> **Assigned task**
Without changing a word, copy every line of the listing below and leave out the images.

> **Recorded information**
^^^^

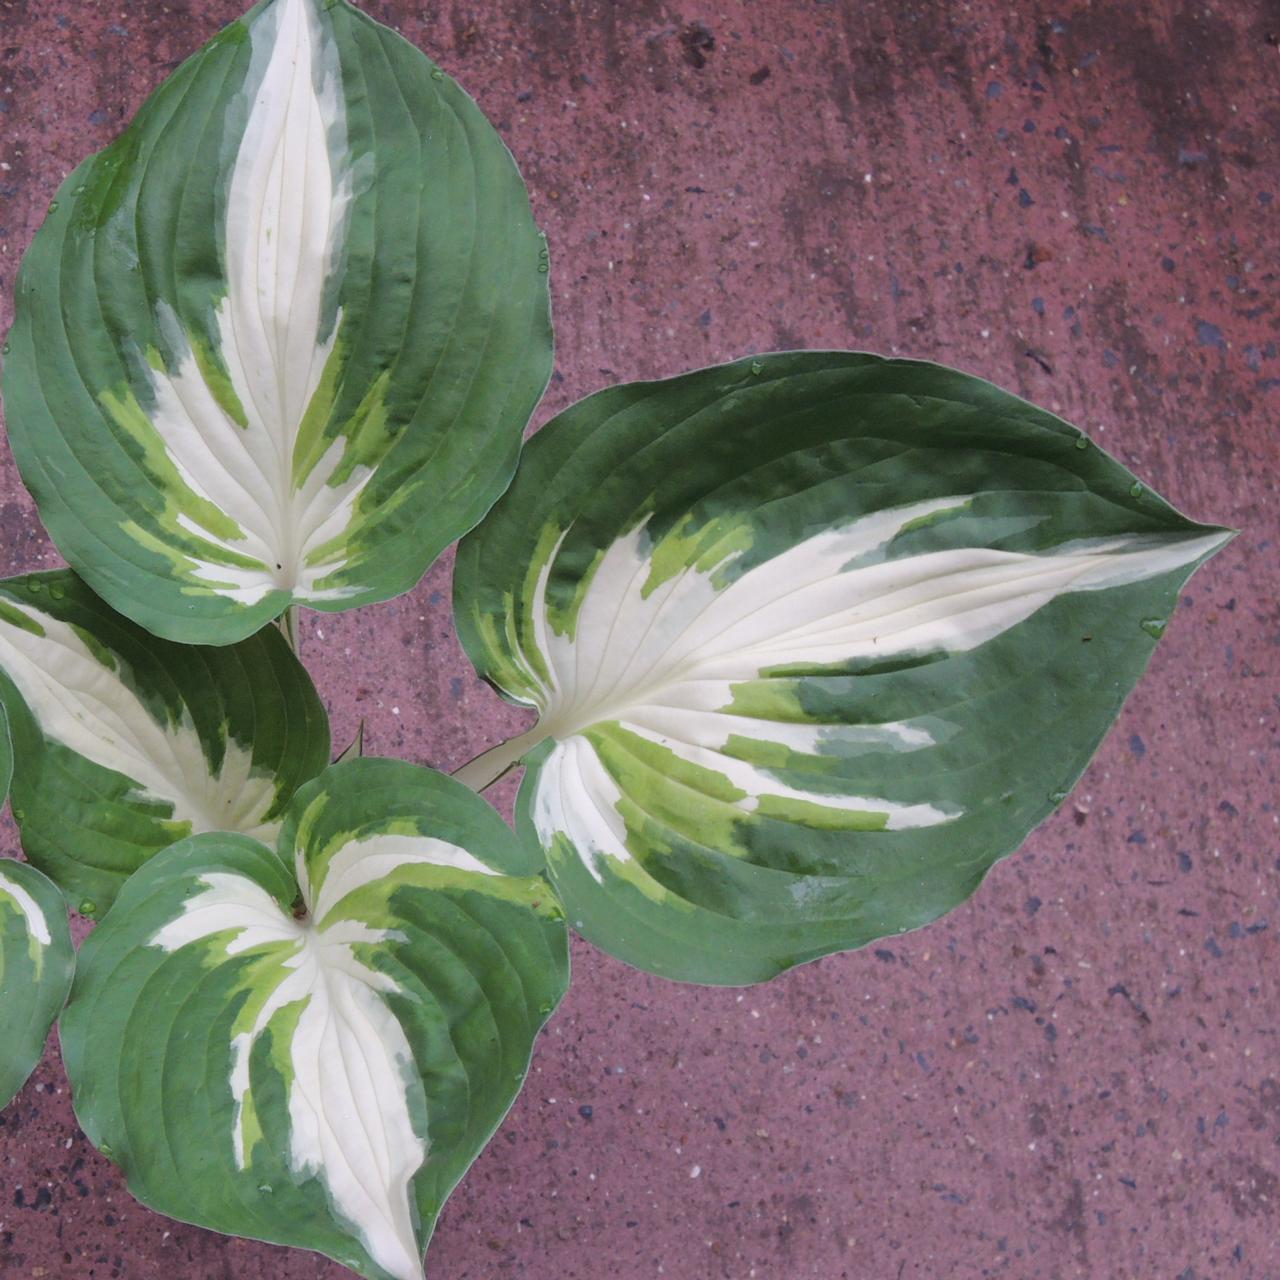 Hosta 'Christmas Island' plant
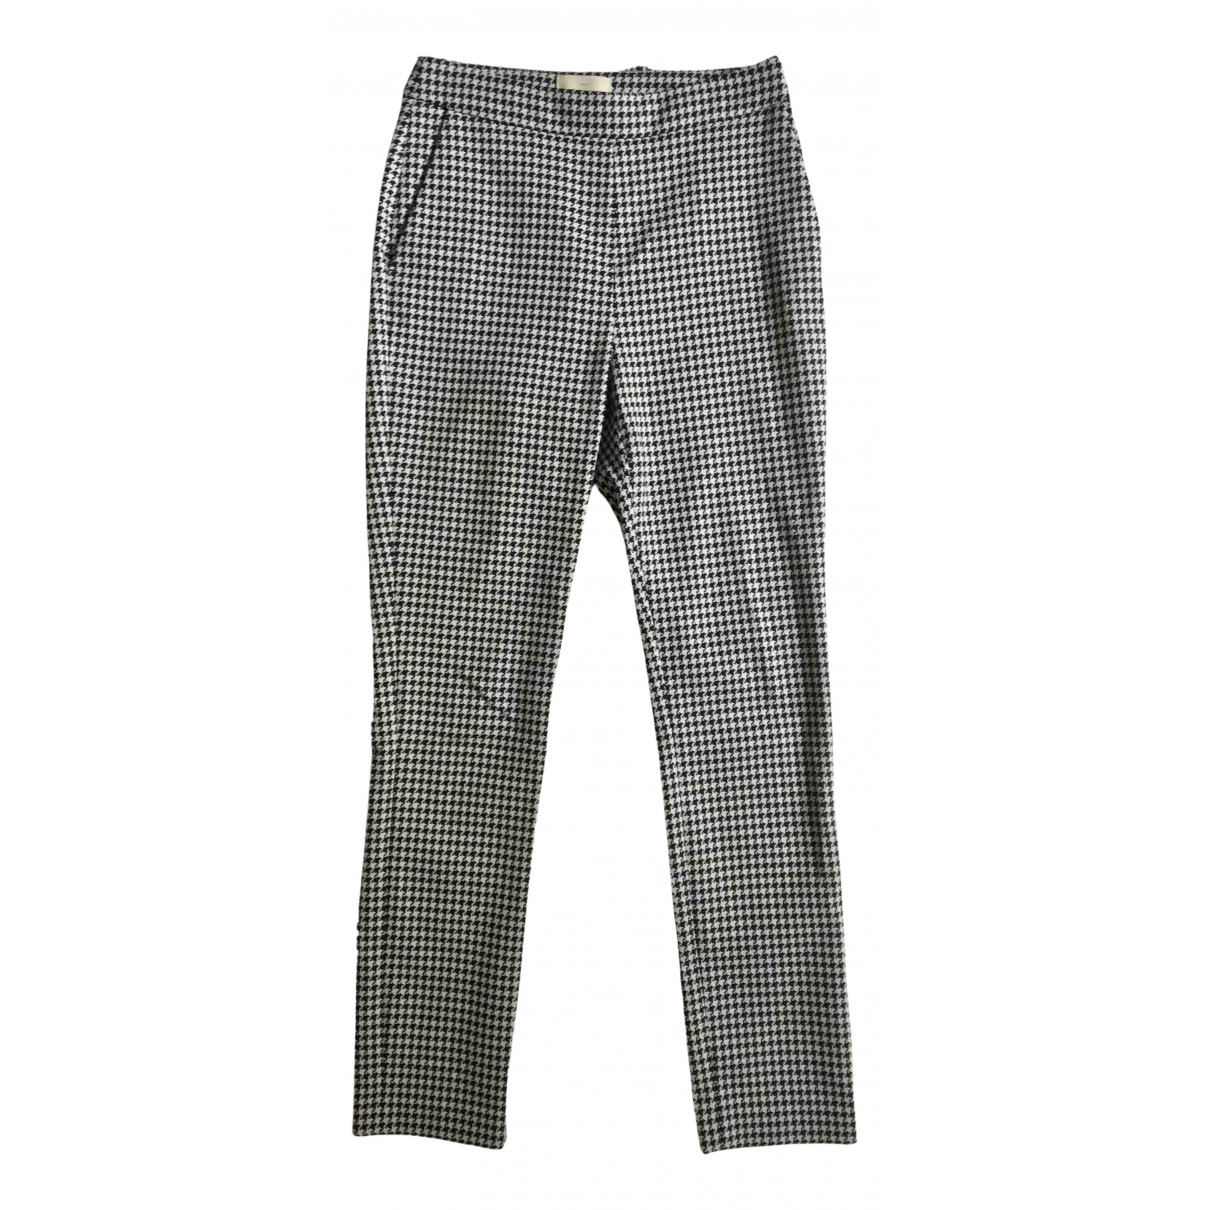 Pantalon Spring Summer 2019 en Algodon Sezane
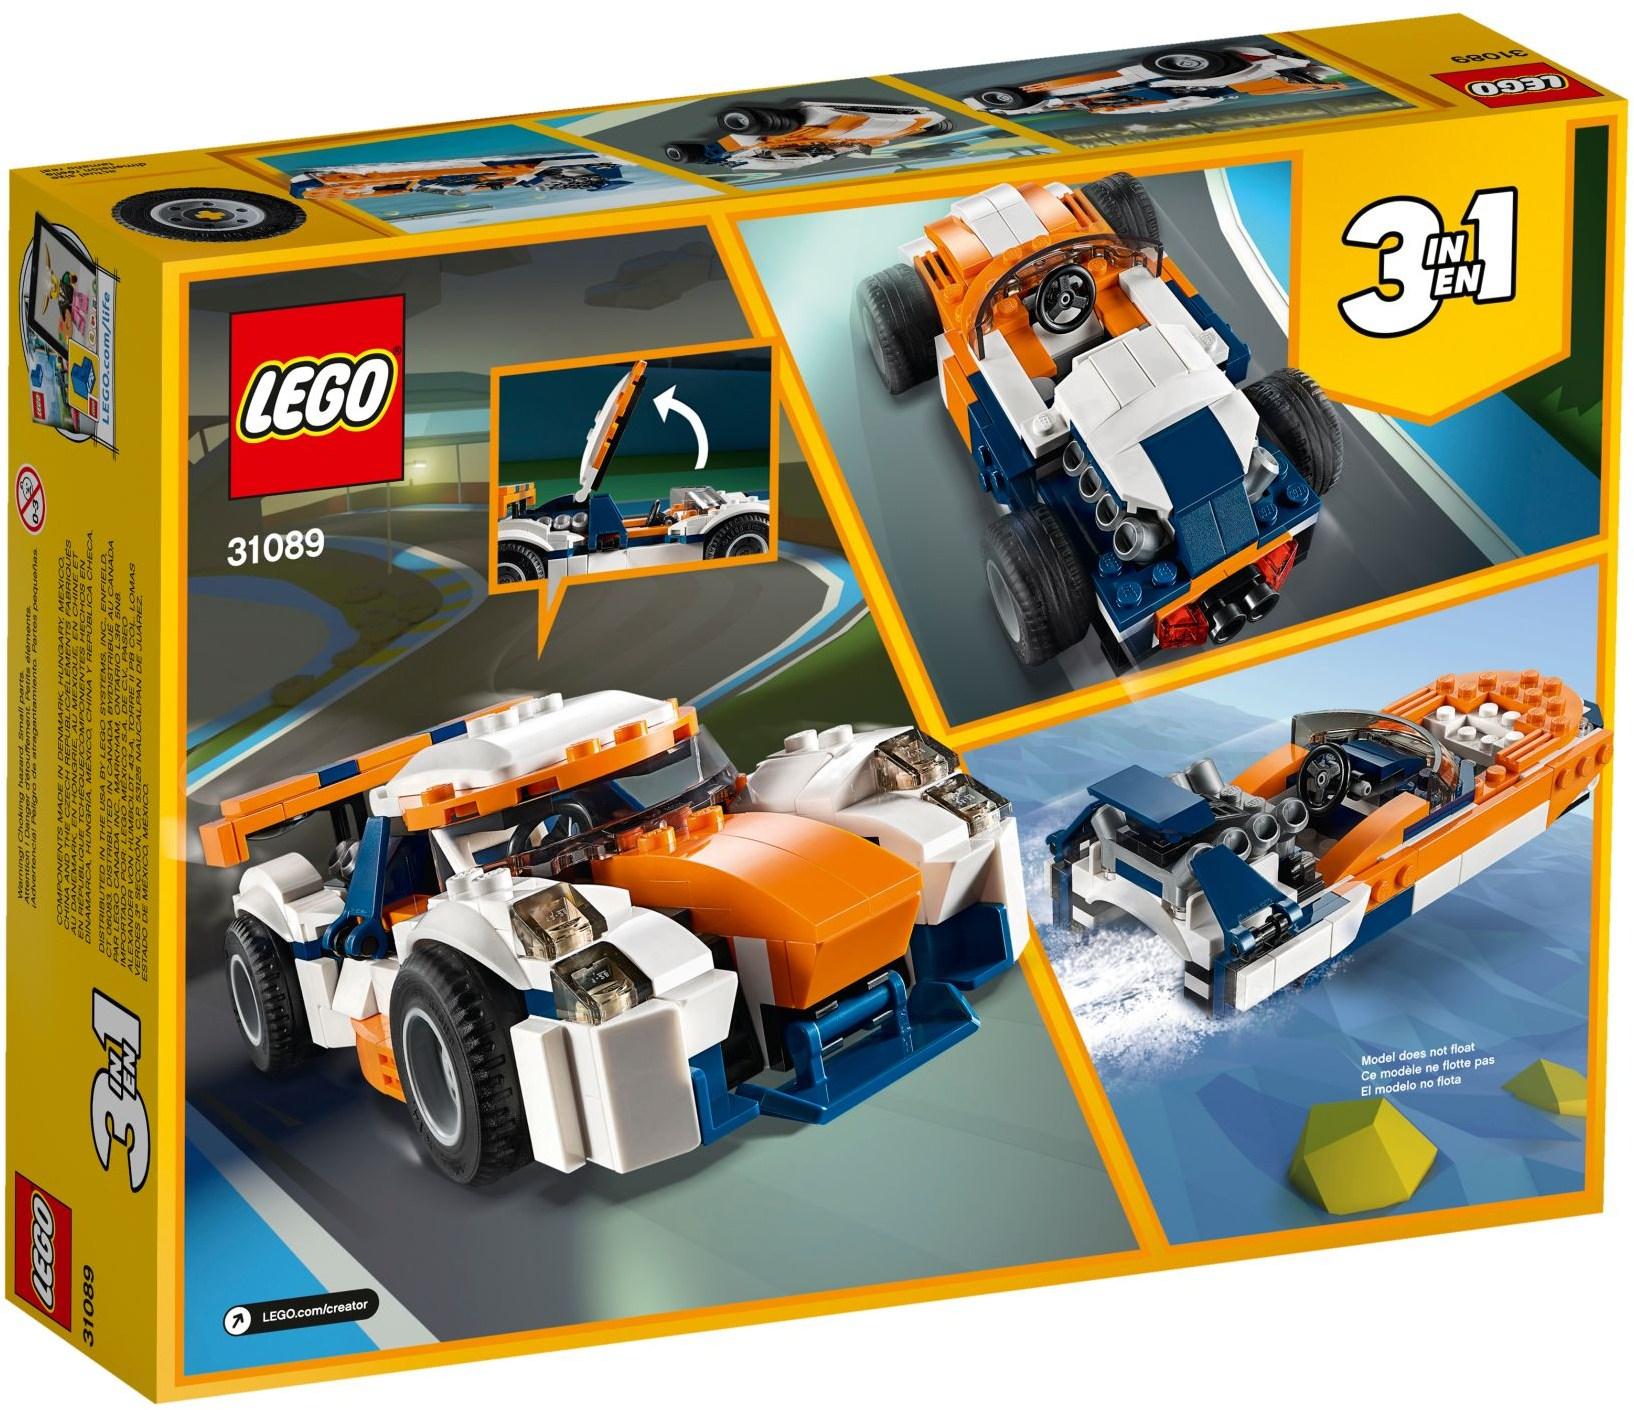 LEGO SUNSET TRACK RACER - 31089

^^^^

> **Expected answer**
 Hosta 'Christmas Island' plant
 Pantalon Spring Summer 2019 en Algodon Sezane
 LEGO SUNSET TRACK RACER - 31089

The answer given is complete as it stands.